First strong argument. Indeed the trades feed allows you to see whether the trade was initiated by the seller or the buyer. But let's come at it from the other side. It is not a problem to accumulate ticks in EA during the day, calculating volume per tick is also possible. Up tick is nothing else but buying on the market with the counterparty that has become a limit to sell, so the up tick was initialized by the buyer. Down tick is a sale on the market with a limit bid counterparty, so the dn tick was initialized by the seller. As we can see, by analyzing ticks we can fully restore the table of all deals. Further, remember that the table of all deals is stored for exactly 1 day. Therefore, the question of how to accumulate and analyze information with the table of trades is not solved. We need the same methods of information processing and storage on the history as without the table of deals.
depends on whether the market entry overlaps the best buy/sell volume, if not, the next tick will stay there,
Let's say we buy, the whole offer was not covered, the offer went lower, the next purchase will be lower, i.e. the price goes down, but the actual purchase is going on (as one of the possible options)
Wouldn't it be easier just to give the raw data and let the traders decide for themselves what they want and what they don't want?
It depends on whether the market entry overlaps the best buy/sell volume, if not, the next tick will remain there,
let's say we buy, the whole offer is not covered, the offer has gone lower, the next buy will be lower, i.e. the price goes down, but in fact we are buying (as one of the possible options)
You don't have to. In this case, combine the volume of two ticks into one and assign the direction of the second tick equal to the first. By the way, I wonder if your program will find cases when two ticks on the same level are initiated by different parties? And if it finds it, what percentage of these ticks from the total volume?
By the way, I wonder if your program will find cases when two ticks on the same level will be initiated by different parties? And if it does, what percentage of these ticks are in the total volume?

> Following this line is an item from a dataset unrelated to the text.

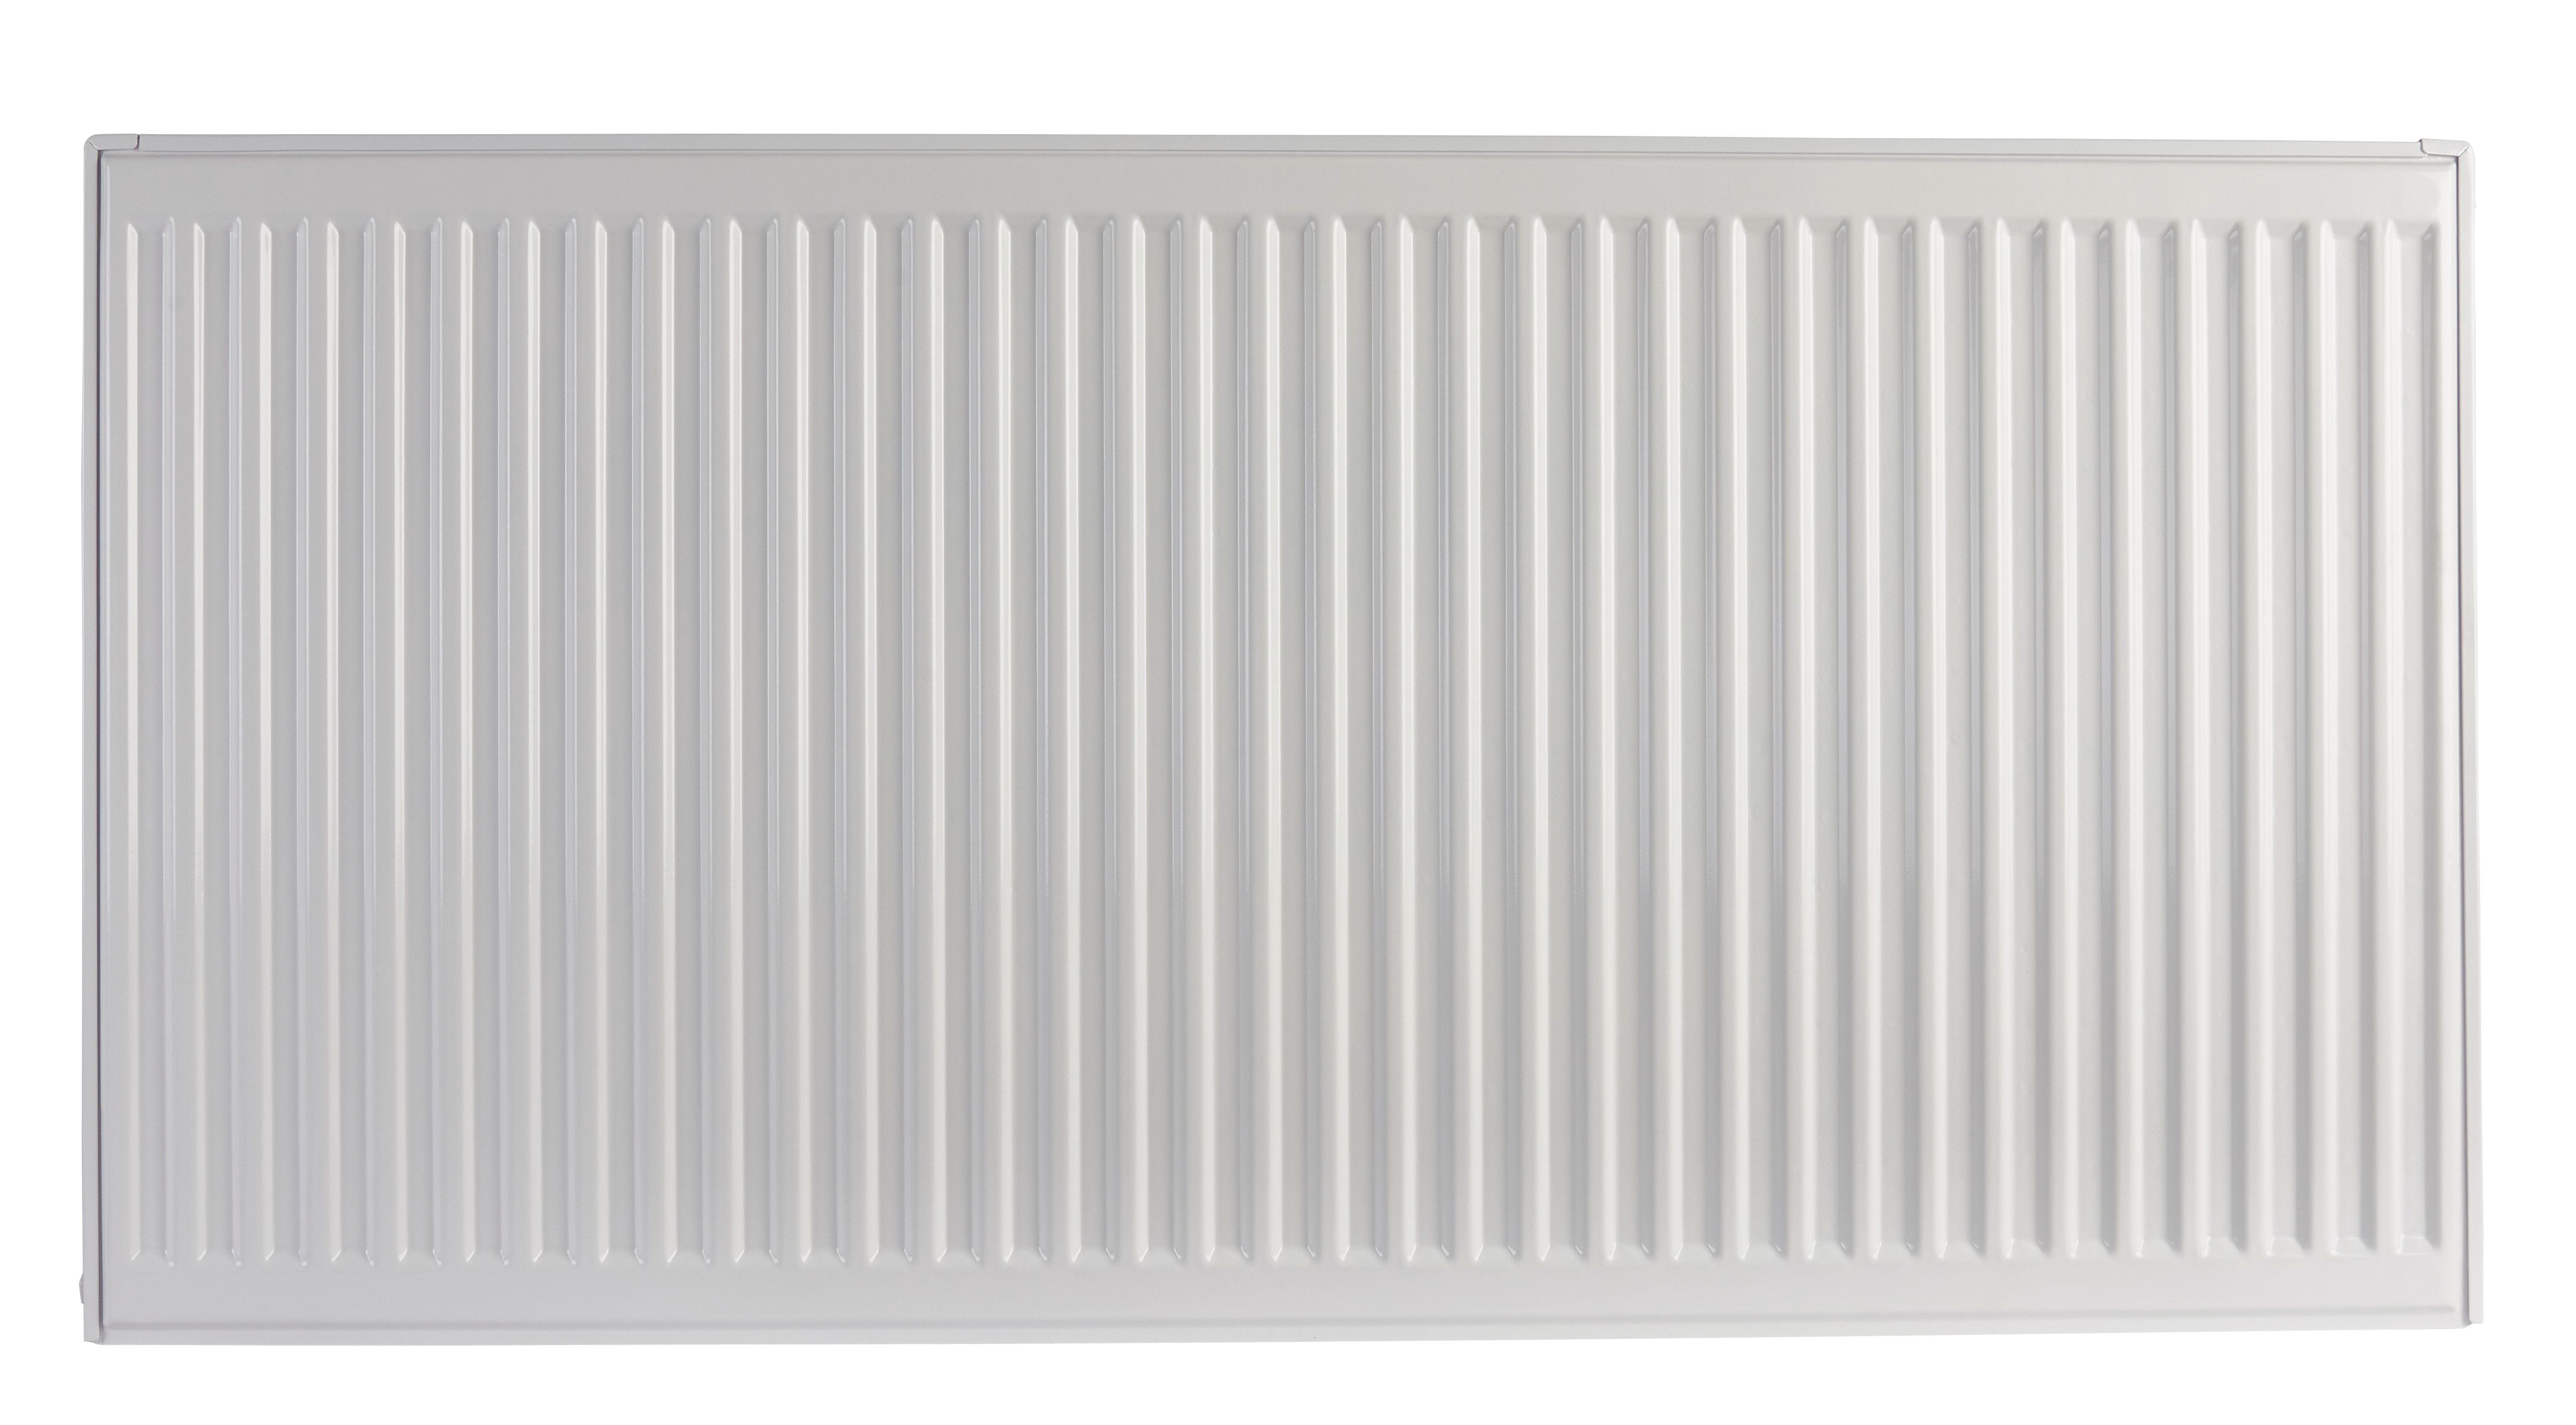 Image of Homeline by Stelrad 600 x 800mm Type 11 Single Panel Single Convector Radiator

You mean there was a buy at one price and a sell at the same price?
What would then those who put in limiters and form bid/ask make money on?
It happens when the spread is very narrow and the price moves in such a way that on the next tick the bid became equal to the previous ask (in this case the price moved up), like this
bid/ask 22.72/22.77, someone bought, they will sell at 22.77, price went up, bid/ask became 22.77/22.79, someone sold, they will buy at 22.77.
In general, it is a rare situation, and even if it happens, I don't see what is so remarkable about it.